Managers, motivation, delegation…and the Passover seder

What does the upcoming Jewish holiday of Passover have to do with managers?

As Passover approaches, Jewish community leaders in Boston realized that one of the obstacles to young adults hosting their own seders (the traditional meal and ceremony) was that people just don’t know how to do it. With that one insight, had the idea to create a do-it-yourself kit for celebrating Passover that includes everything from the shopping list through the materials needed to lead a Passover seder on your own.

There are two lesson here for managers about motivation and delegation: 1) hone in on the most significant obstacles that might be keeping your team members from taking more initiative; and 2) offer support with a project’s daunting first steps.

Hone in on the right obstacles: There are lots of potential reasons why young Jewish adults might not be making the holiday on their own including the possibility that they’re just not interested. If there’s absolutely no interest, then all the support in the world may not make a difference. But if you focus on helping those people who want to do it but just don’t know how, then you’ve identified a problem for which you can create a solution!
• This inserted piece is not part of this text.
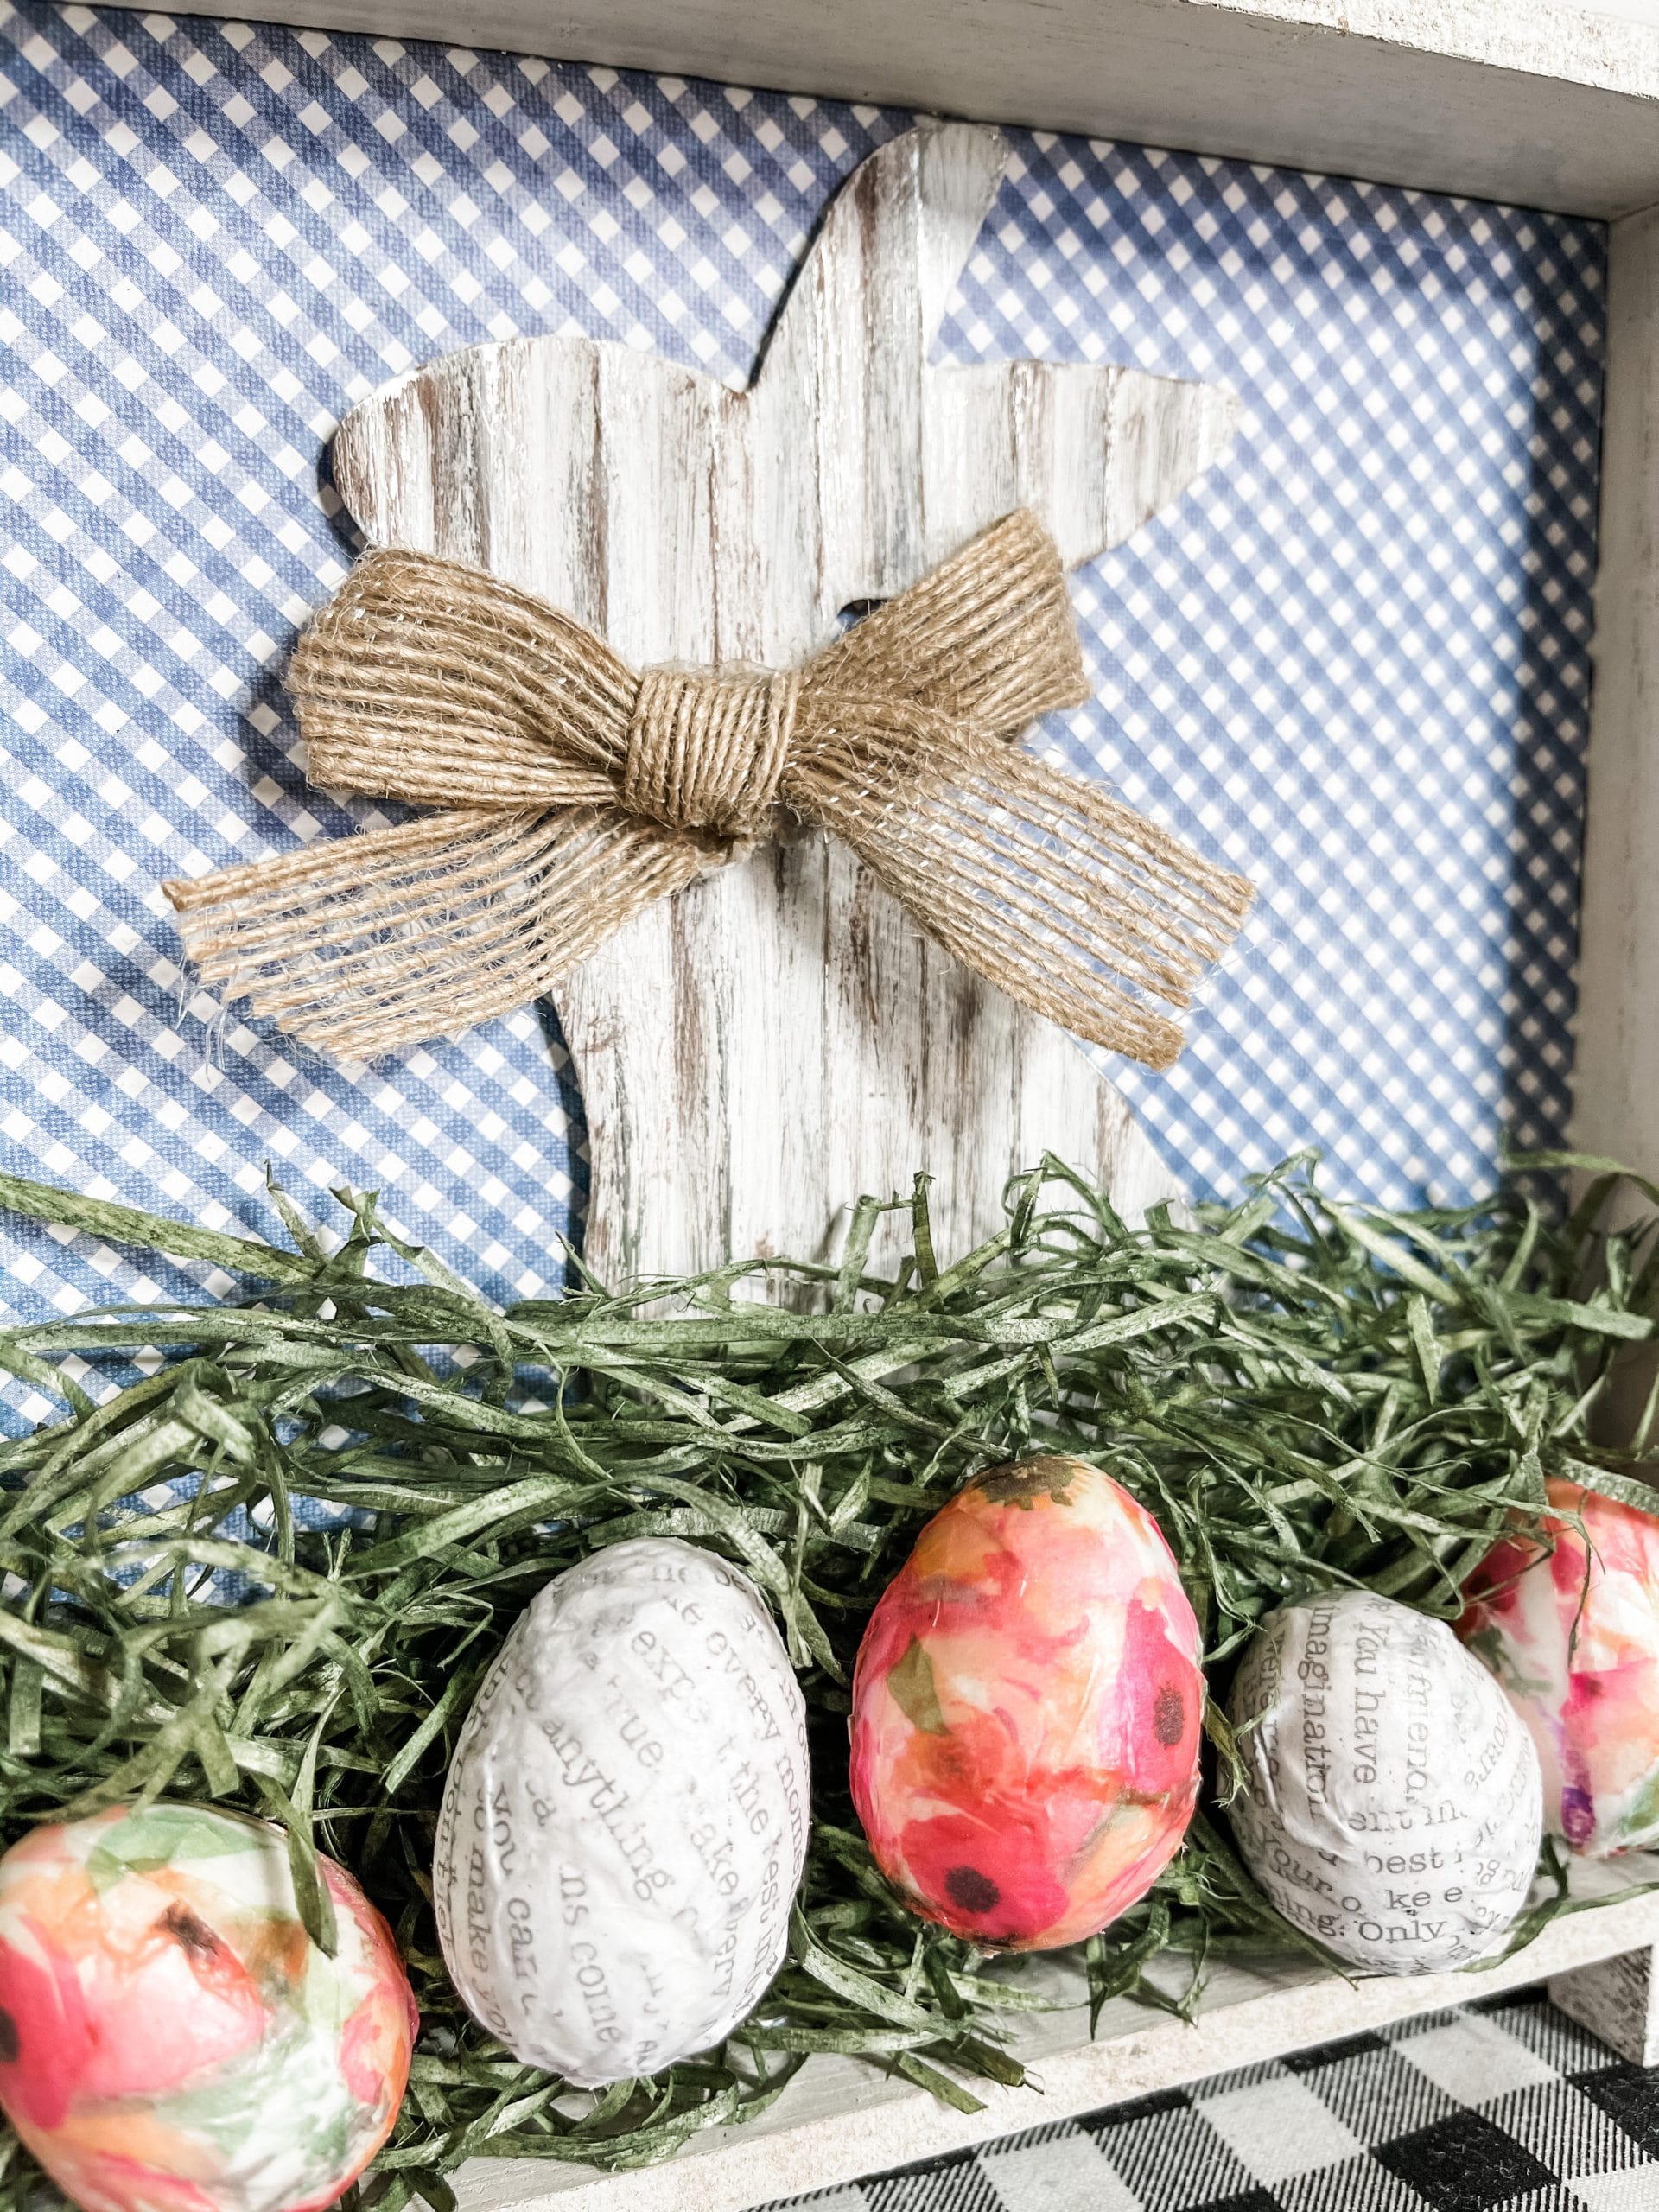 DIY: Upcycled Easter Decorations & Gifts – ecogreenlove

Make the first steps less daunting: Very often team members get stuck at the very beginning of a project — overwhelmed by the complexity of a project or simply because they’ve never done anything like what they’re being asked to do. In the ideal delegation scenario a manager would say, “Now that we’ve discussed the context for the project, confirmed expectations and deadlines, let’s talk about how you might get started…” Or the manager might ask, “This is a large project. How can I help you jumpstart the effort?” ¬†Or, “Given everything we’ve talked about, where do you think you’ll begin to get this project started?”

Good managers remove obstacles and offer support to help team members successfully take initiative.